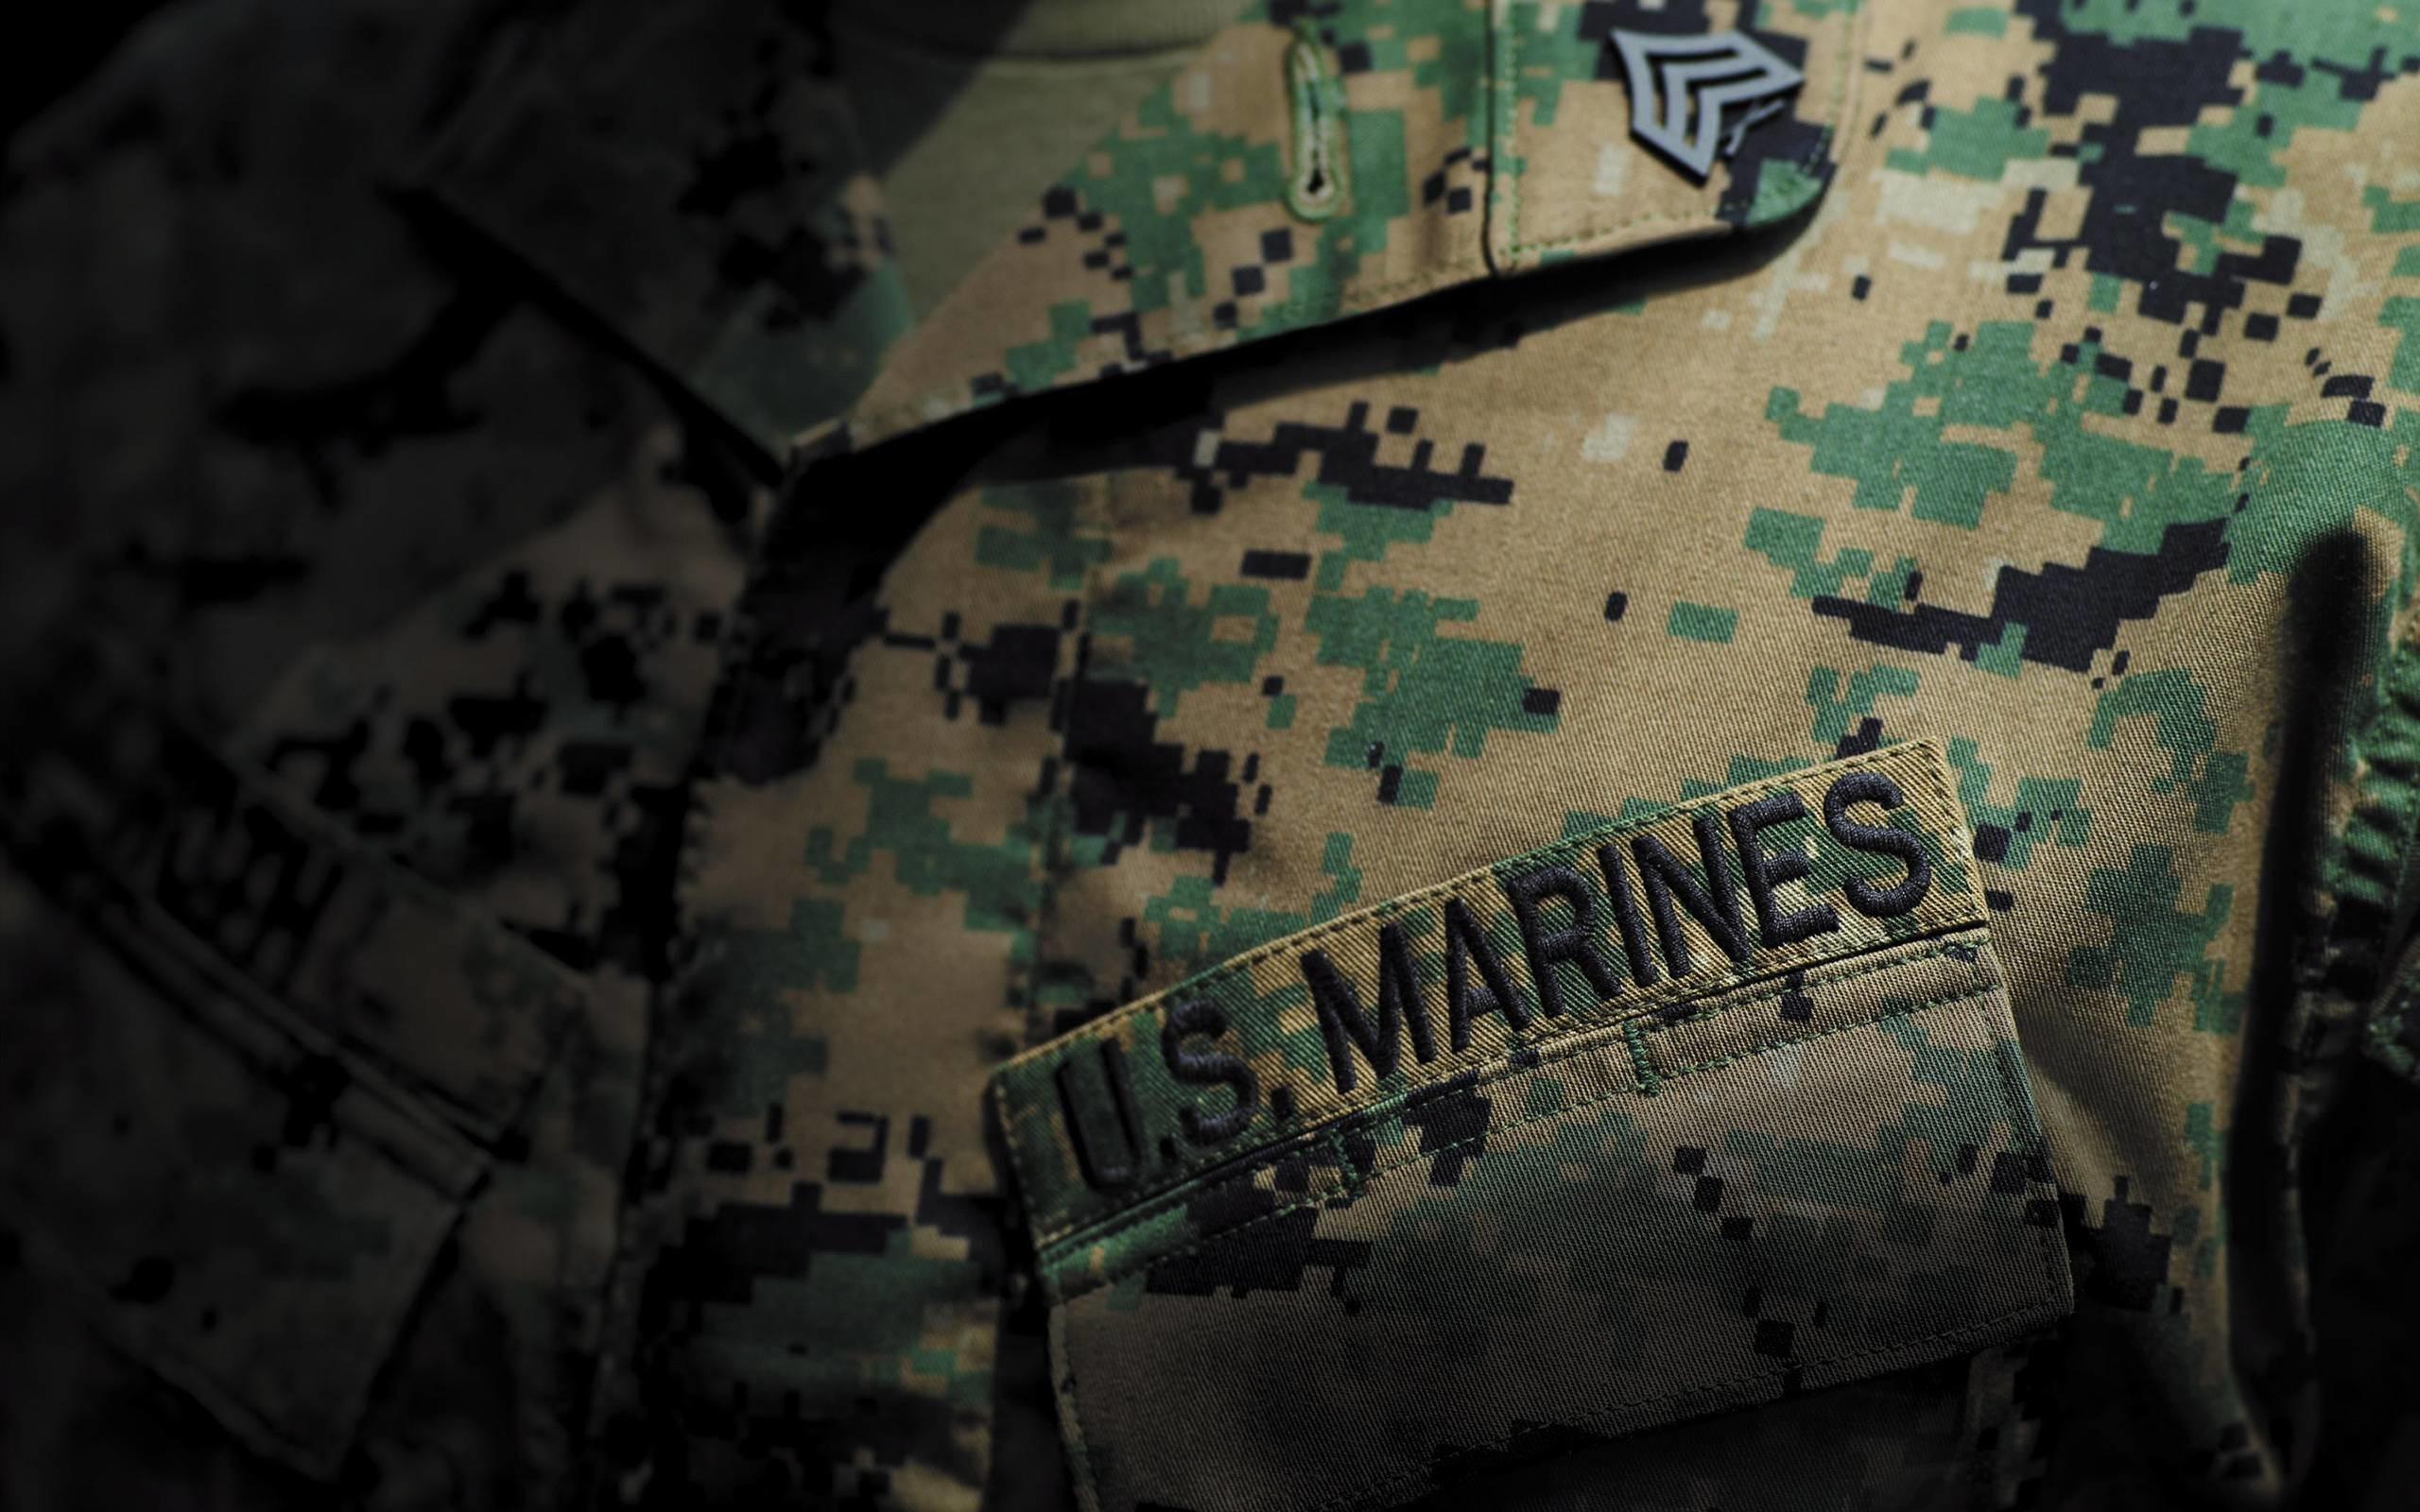 Marines Best Wallpaper Images #93251 – Ehiyo.com
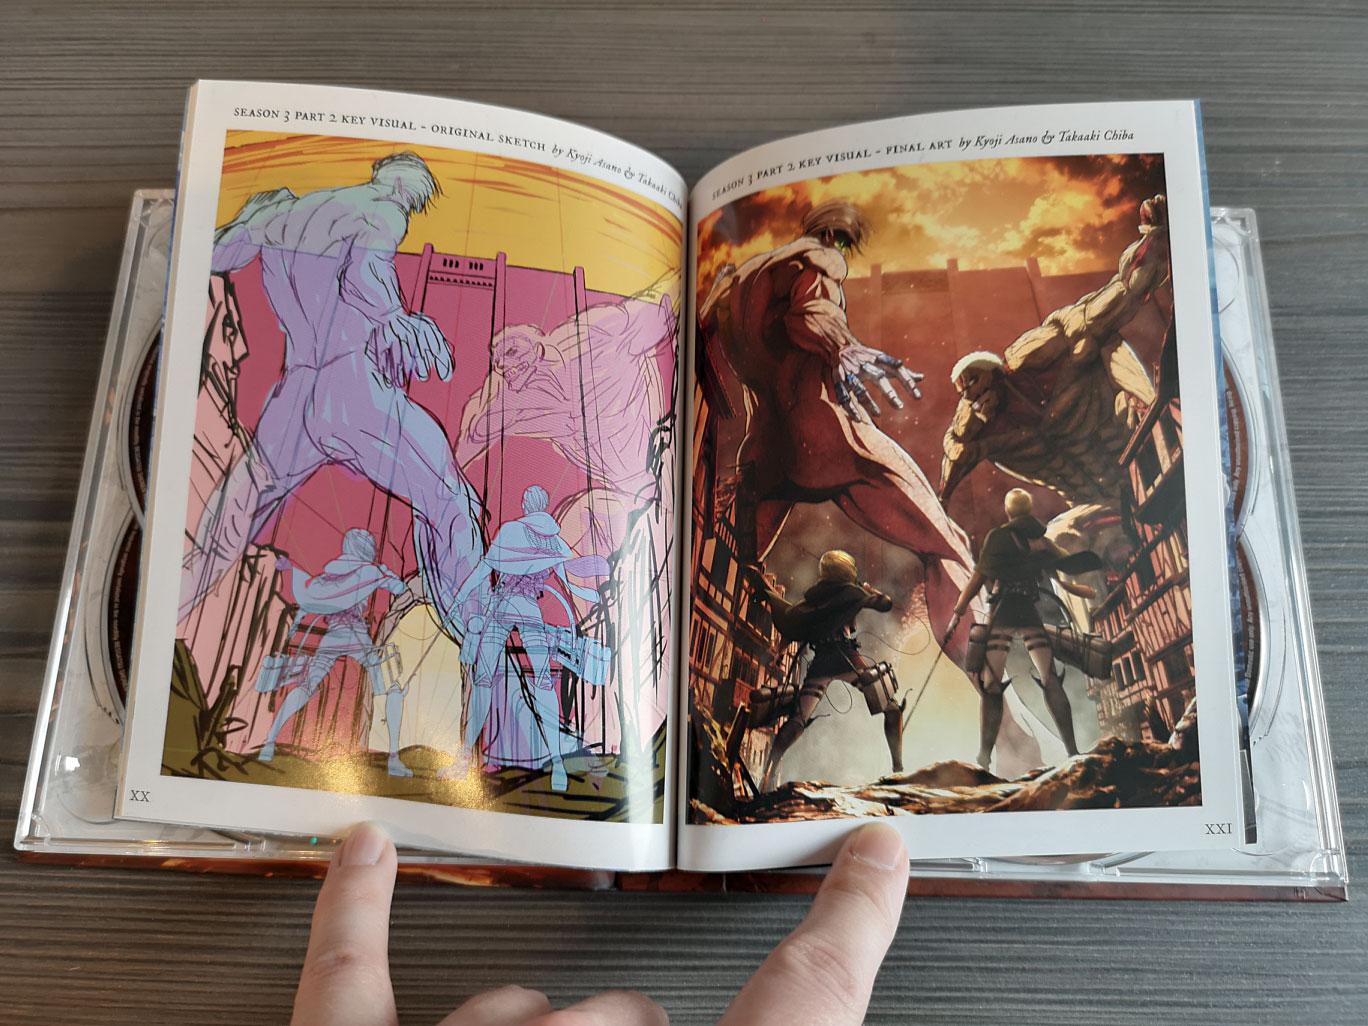 Attack on Titan Season 3 Part 2 (Limited Edition Blu-ray ...
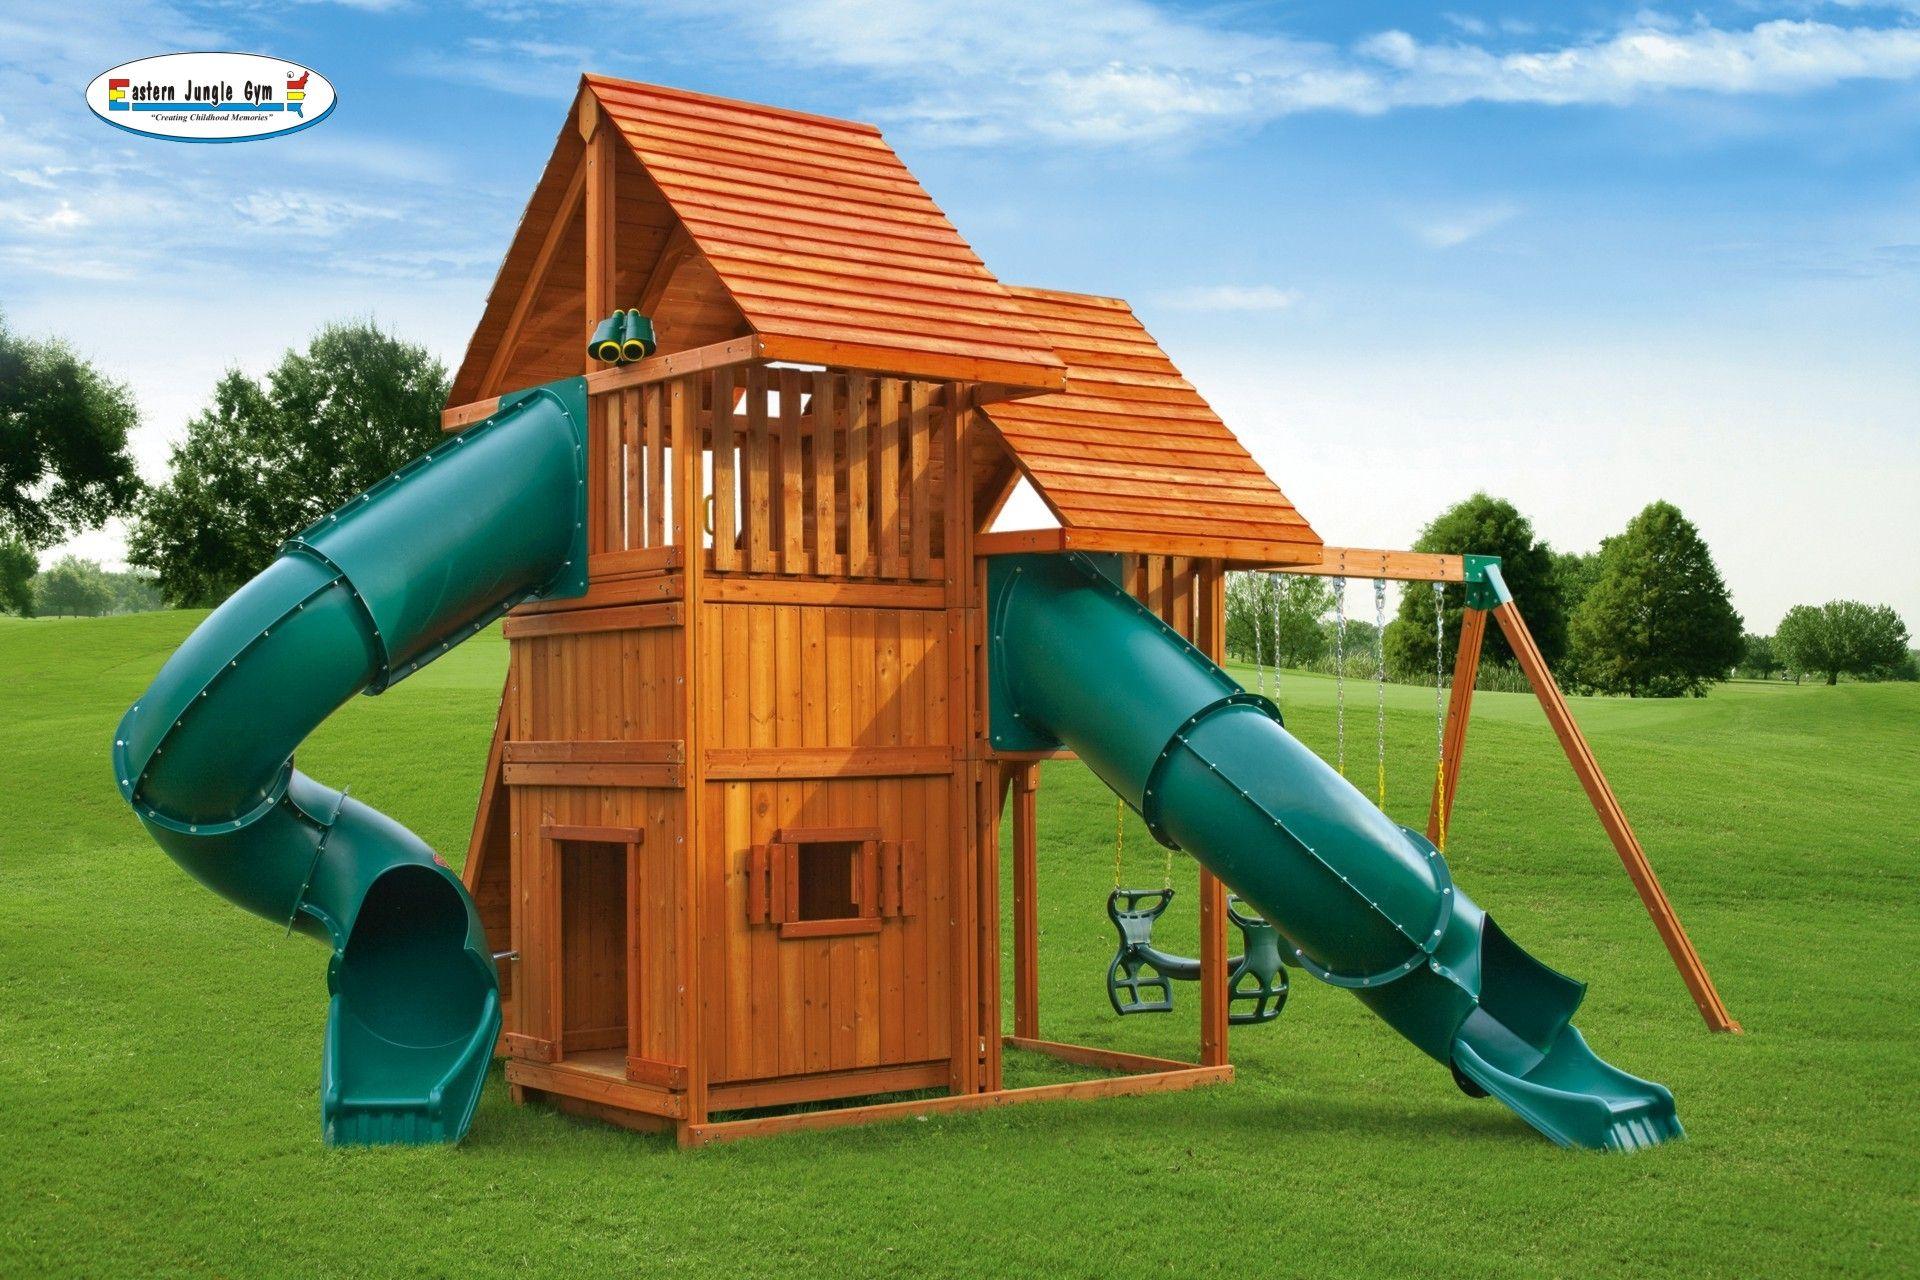 sky 6 backyard playground climbing wall swings and jungle gym

----------------------------------------

◆ What the task asks ◆
Omit every picture, then reproduce the rest of the listing exactly.

◆ Exercise solution ◆
 Marines Best Wallpaper Images #93251 – Ehiyo.com
 Attack on Titan Season 3 Part 2 (Limited Edition Blu-ray ...
 sky 6 backyard playground climbing wall swings and jungle gym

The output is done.